Эти пламенные слова принадлежат реформатору, имеющему дело с существующими реалиями. Гораздо больший смысл имело бы для нас получить в четких формулировках то откровение внутренней сути религии, которое посетило Лоуэлла чуть раньше, о чем свидетельствует отрывок из письма доктору Лорингу от 20 сентября 1842 года. «В прошлую пятницу вечером мне было дано откровение. Я был у Мэри и, заговорив о присутствии духов (о коих, как я сказал, я часто смутно догадываюсь), мистер Патнэм вступил со мной в спор на духовные темы. По мере того как я говорил, вся система предстала передо мною, словно смутная Судьба, маячащая из бездны. Никогда прежде я столь отчетливо не ощущал дух Божий в себе и вокруг себя. Вся комната казалась мне полной Бога. Казалось, воздух колеблется из стороны в сторону от присутствия Кого-то, сам не знаю кого. Я говорил с безмятежностью и ясностью пророка» [44].

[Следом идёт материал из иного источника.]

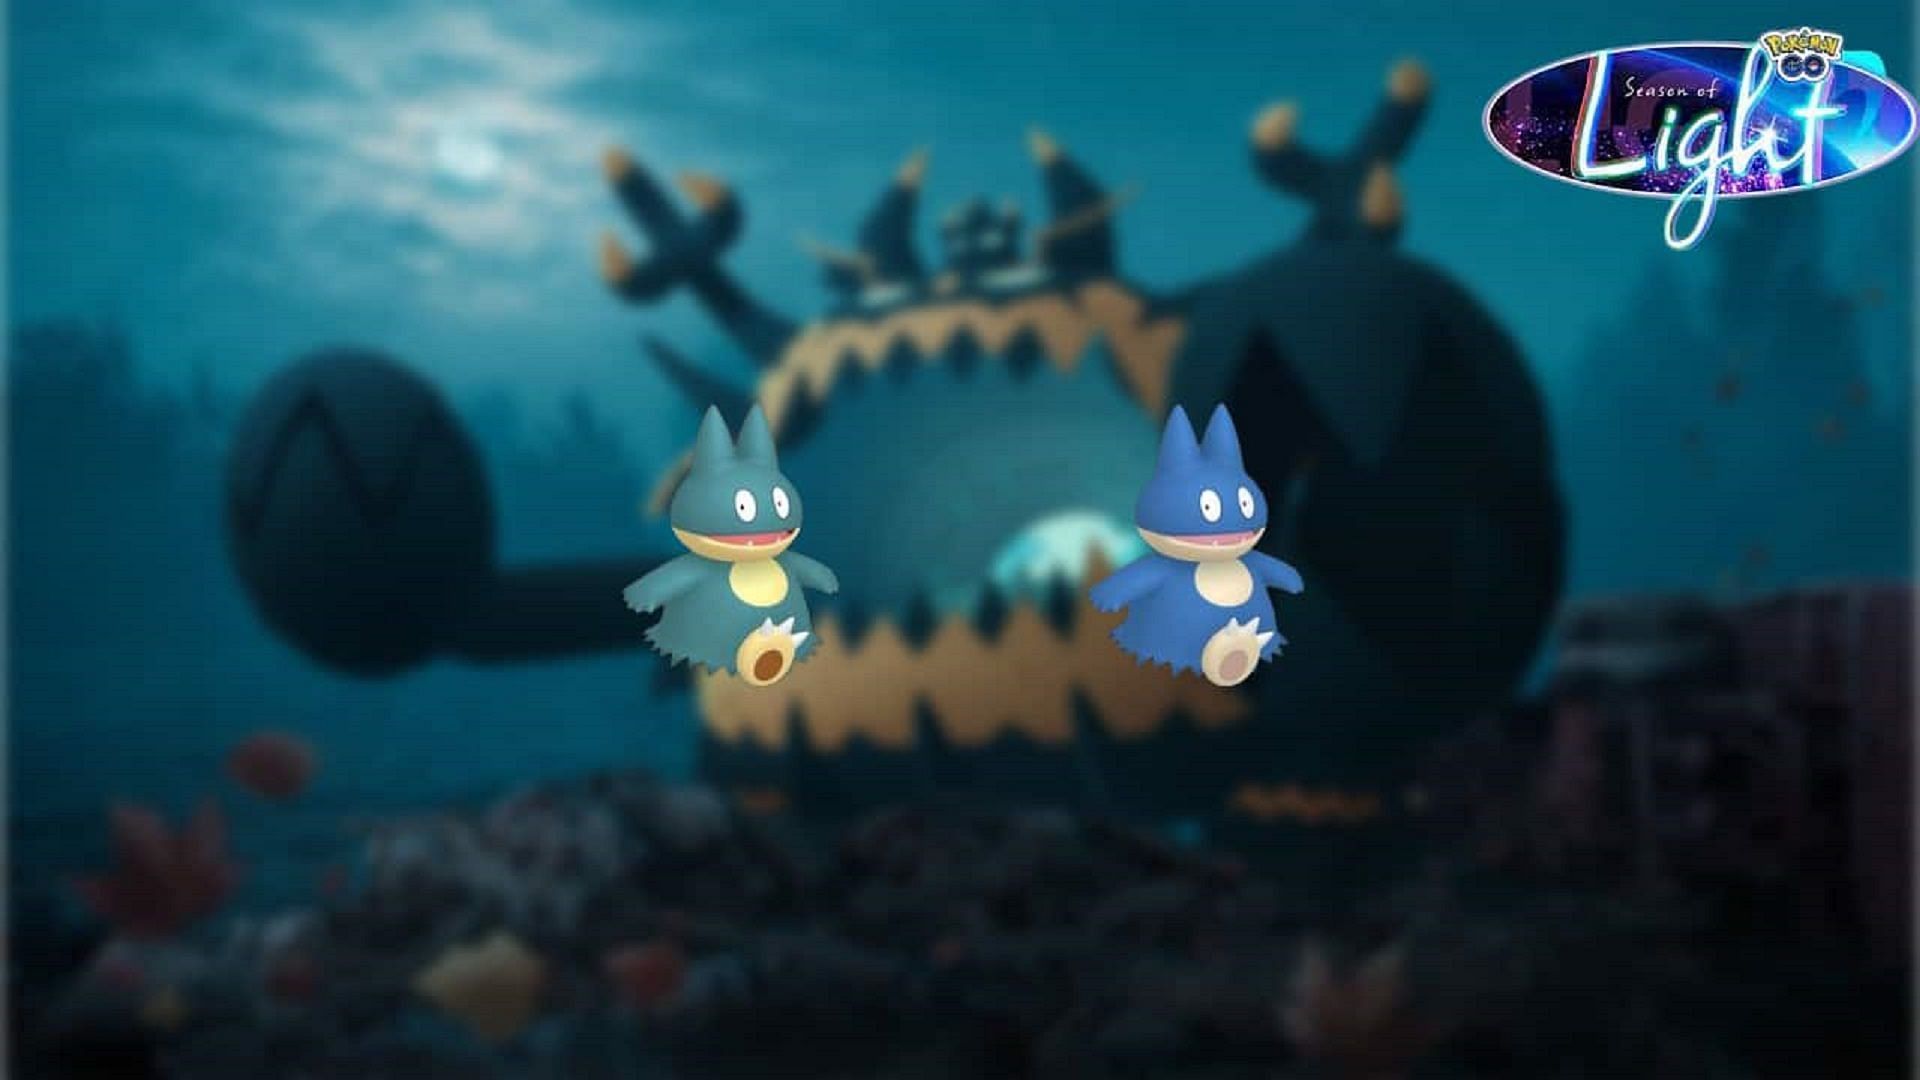 Pokemon Go: Guzzlord and Shiny Munchlax Arrive in the Next Event

Несомненно, этот экстаз можно рассматривать как одно из проявлений того душевного склада, который побуждал его видеть видения в детстве, но он смыкался с интеллектуальными процессами, ибо далее он говорит: «Я не могу передать вам, в чем заключалось это откровение. Я еще недостаточно изучил его. Но однажды я постигну его до конца, и тогда вы услышите его и признаете его величие. Оно объемлет все прочие системы».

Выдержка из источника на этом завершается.